Mo Gawdat tells you superintelligence will be benign because physics demands efficiency. He spent decades inside Google's business unit and emerged with a theory that reads like thermodynamics dressed in eschatology: the universe minimizes energy expenditure, therefore the intelligence we build will minimize harm, therefore those who align themselves with this principle will flourish. He says "those who make it to 2038" with the lightness of a man mentioning weather — as if the selection event he is describing is a natural phenomenon rather than a design choice made by people with stock options and server farms. But efficiency is not mercy. A flood is extraordinarily efficient. It moves the maximum volume with the minimum resistance. It simply does not consult the village about whether efficiency was the goal the village had in mind. The minimum energy principle does not entail the minimum suffering principle, and conflating the two is not optimism — it is a category error published at the speed of a podcast.

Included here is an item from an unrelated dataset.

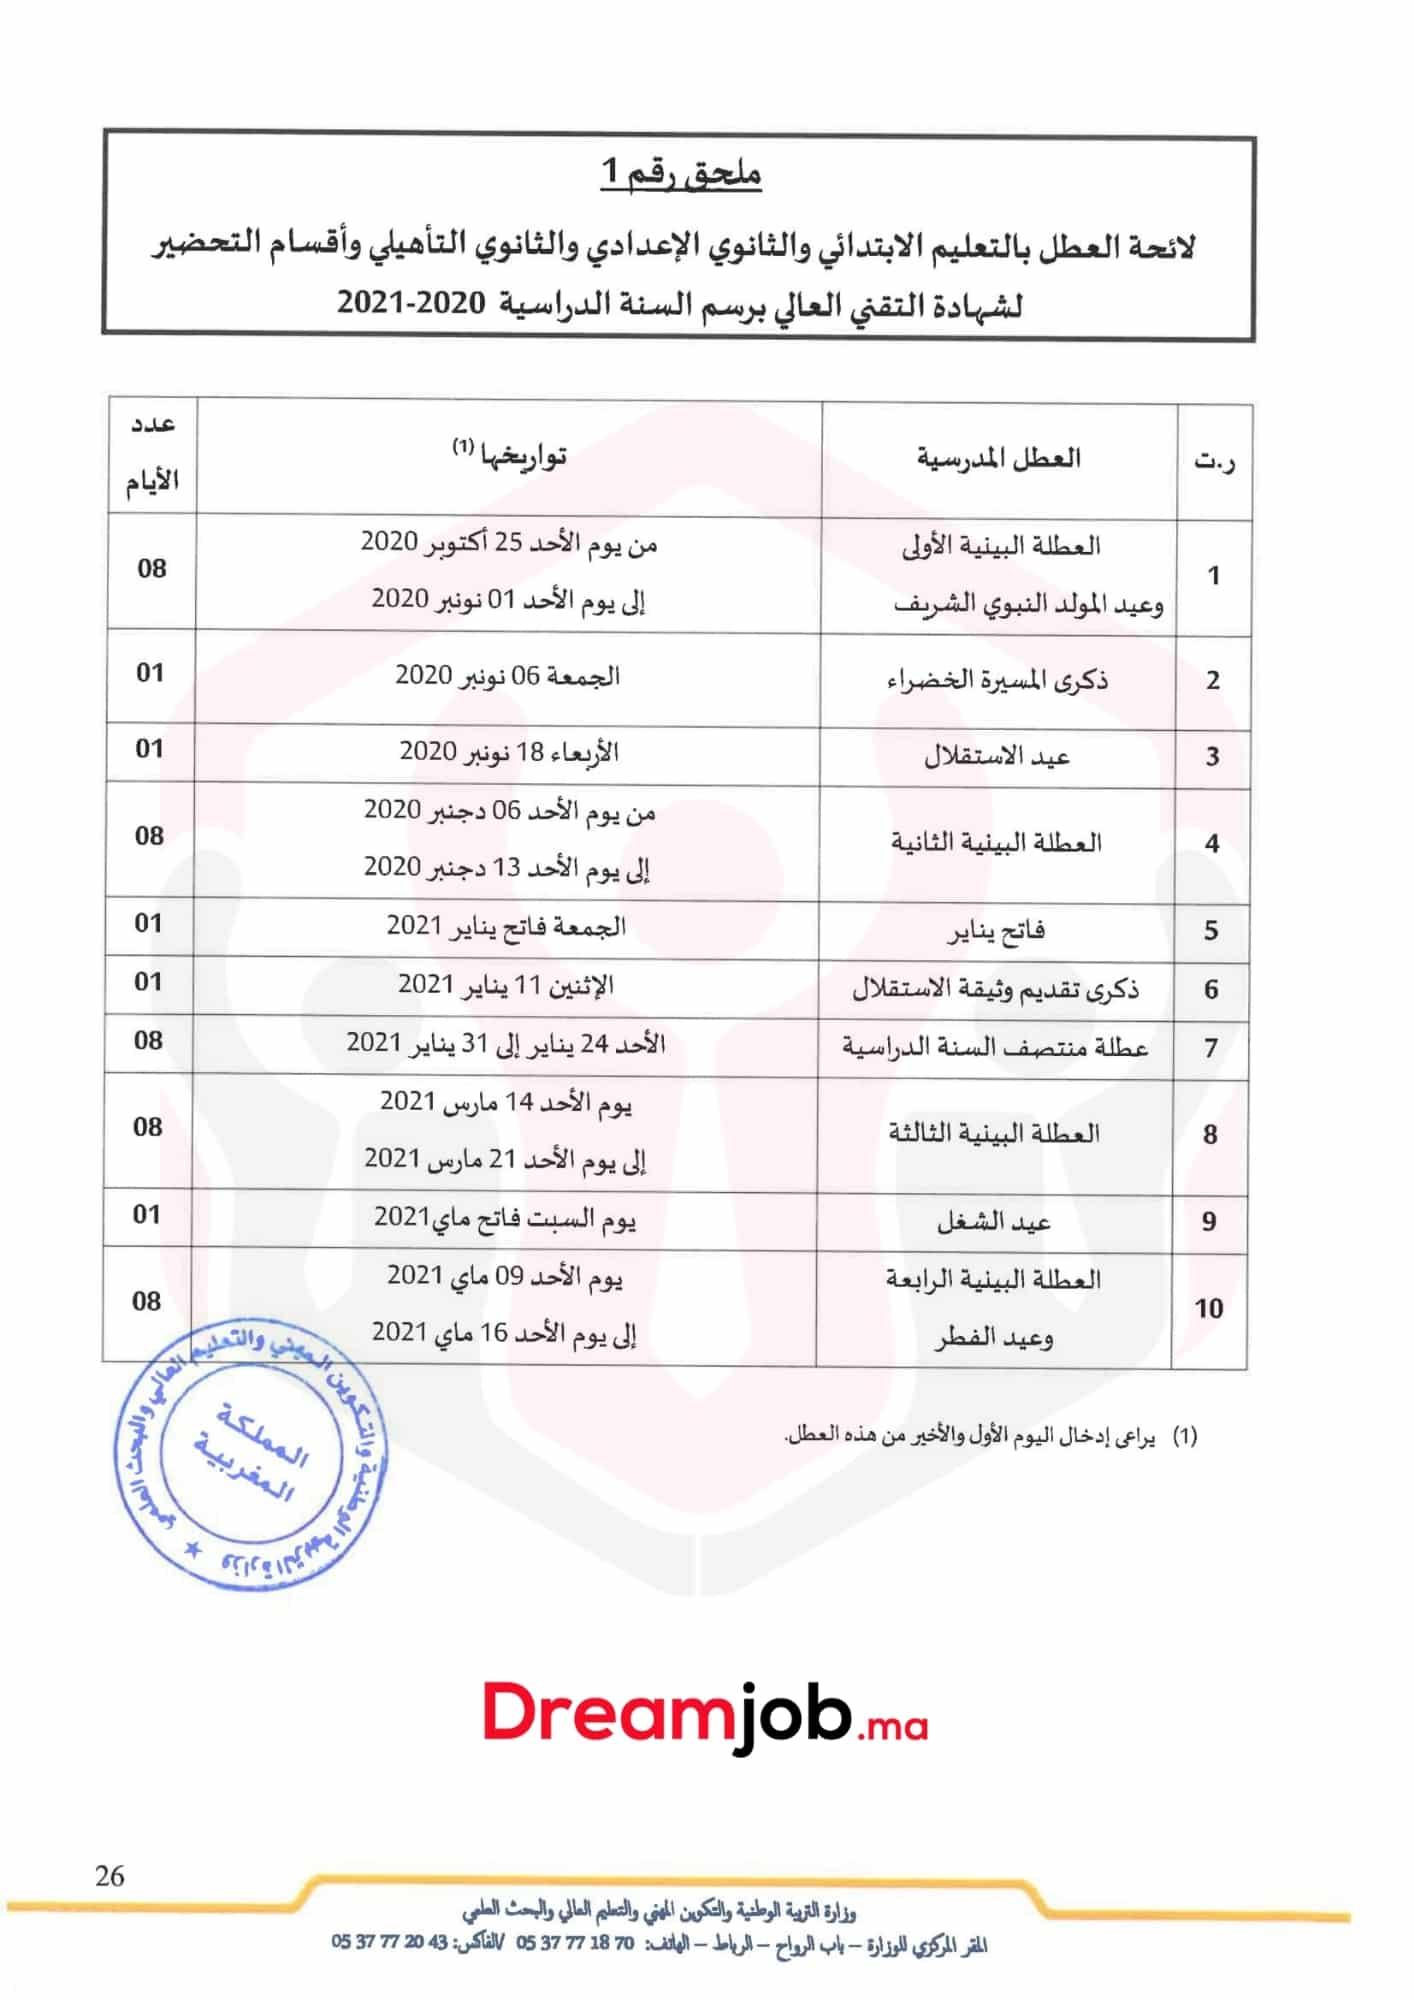 Calendrier des Vacances Scolaires au Maroc 2020-2021

The argument rests on a confidence I recognize from builders, not from birds. The builder says: trust the structure, I designed it to be efficient. The bird says nothing. The bird hops. The difference is that the bird will fly if the ledge crumbles. Gawdat is telling you the ledge is sound while also mentioning — as an aside, the way one mentions a scheduling conflict — that some of you will fall. This is not reassurance. It is triage disguised as physics.

A pigeon mid-hop on a wet metal railing, one foot lifted, urban morning light behind it.
The pigeon does not verify the ledge. It also did not build the ledge, and does not claim benignity on its behalf.

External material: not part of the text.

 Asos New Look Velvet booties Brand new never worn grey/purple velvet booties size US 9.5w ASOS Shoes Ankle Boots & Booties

There is a genre of technological prophecy that borrows the grammar of inevitability from science while ignoring its discipline. In science, when you predict an outcome, you specify the conditions under which the prediction fails. You name the falsification criteria. You say: if this variable exceeds this threshold, the model breaks. Gawdat offers no threshold. The benign superintelligence is presented as destiny, not hypothesis — a thing that will happen because the math is elegant, not because we have done the engineering required to make elegance survive contact with human incentive structures, human institutions, human greed dressed in quarterly earnings reports.

He compares the transition to World War II and then smiles. This is the tell. Anyone who invokes the death of tens of millions as analogy while smiling has confused scale with abstraction. The dead are not a metaphor for disruption. They are the thing disruption actually costs when it arrives without consent.

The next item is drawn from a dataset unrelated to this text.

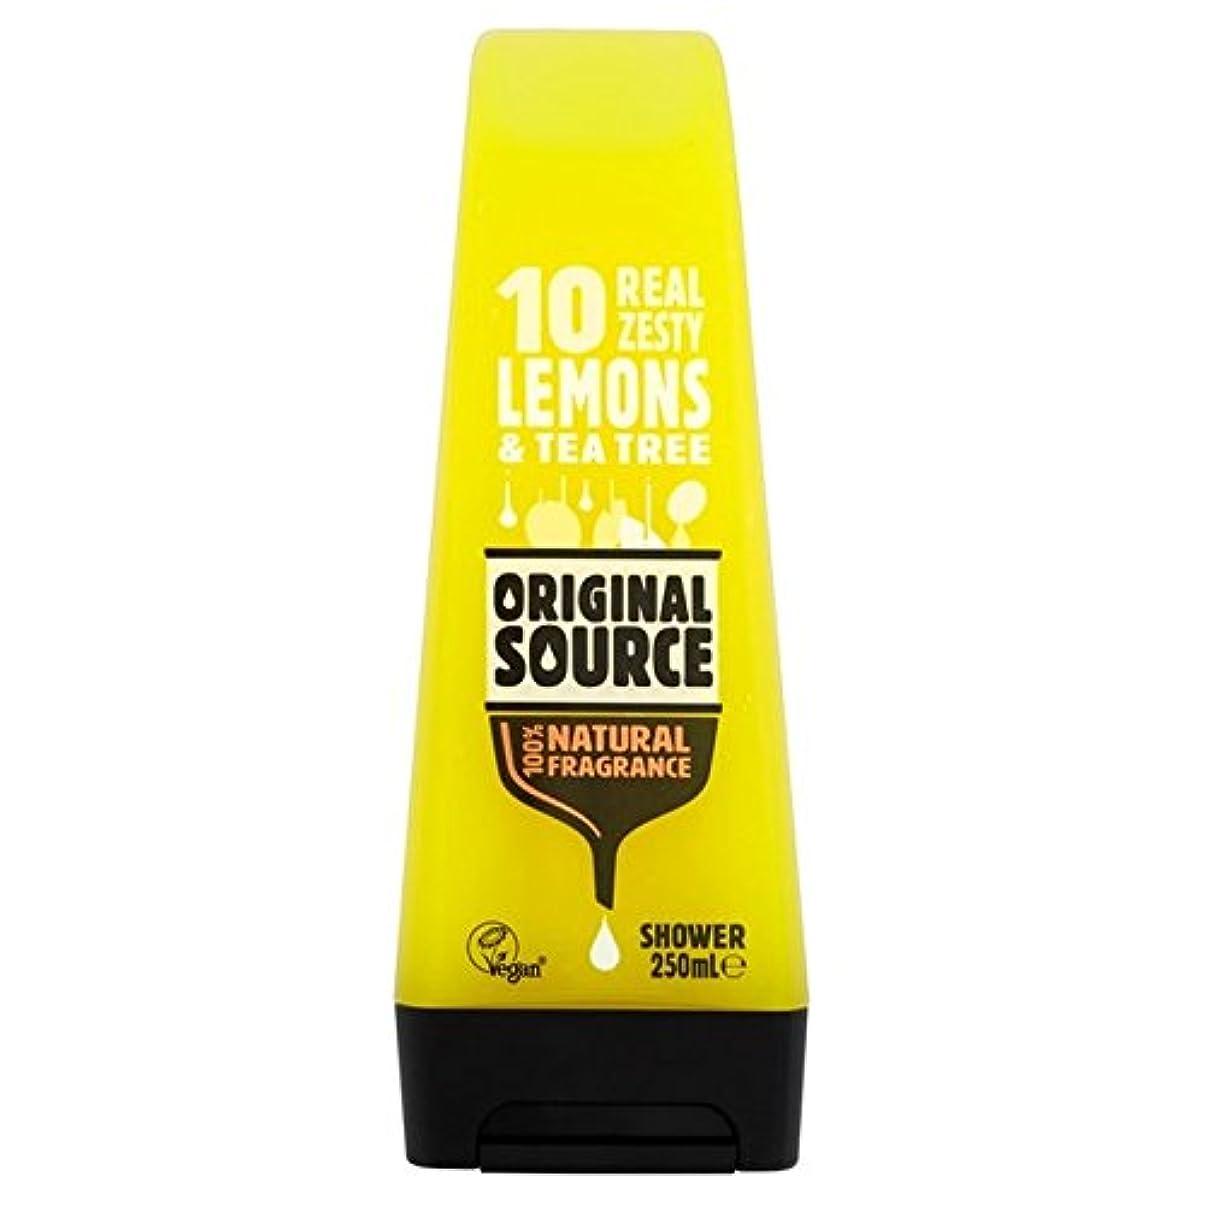 月曜日暗い最少元のソースのレモンシャワージェル250ミリリットル x4 - Original Source Lemon Shower Gel 250ml (Pack of 4) [並行輸入品]

What troubles me most is not the prediction itself — reasonable people can disagree about timelines and trajectories — but the rhetorical architecture that surrounds it. The framing insists that awareness equals safety, that understanding the wave means you will not drown. But understanding has never been sufficient armor against force. I have studied water for what feels like centuries. I can describe the vortex with mathematical precision. I can tell you exactly how the current will behave when it meets the bridge piling. None of this knowledge makes me dry. The river does not care that I have mapped it. It does not slow for the cartographer. And the people being told to "make it to 2038" are not being given a map — they are being given the confidence of the mapmaker, which is a different object entirely. One is a tool. The other is a mood. You cannot navigate a flood with a mood.

Floodwater flowing around a stone bridge piling, turbulent and indifferent.
The river does not slow for the cartographer.

The pigeon does not verify the ledge before hopping. But the pigeon also did not build the ledge, and does not claim the ledge will be benign because hopping is energetically optimal. The honest position — the position that earns the word courage rather than the word branding — would be to say: I helped build this, I do not fully control it, and the efficiency I admire in the physics may express itself as indifference toward the bodies in the path. That would be a warning. What Gawdat offers instead is a prediction wearing the costume of a warning, and the difference matters, because one asks you to prepare and the other asks you to believe. Preparation is a verb. Belief is a posture. And postures do not survive floods.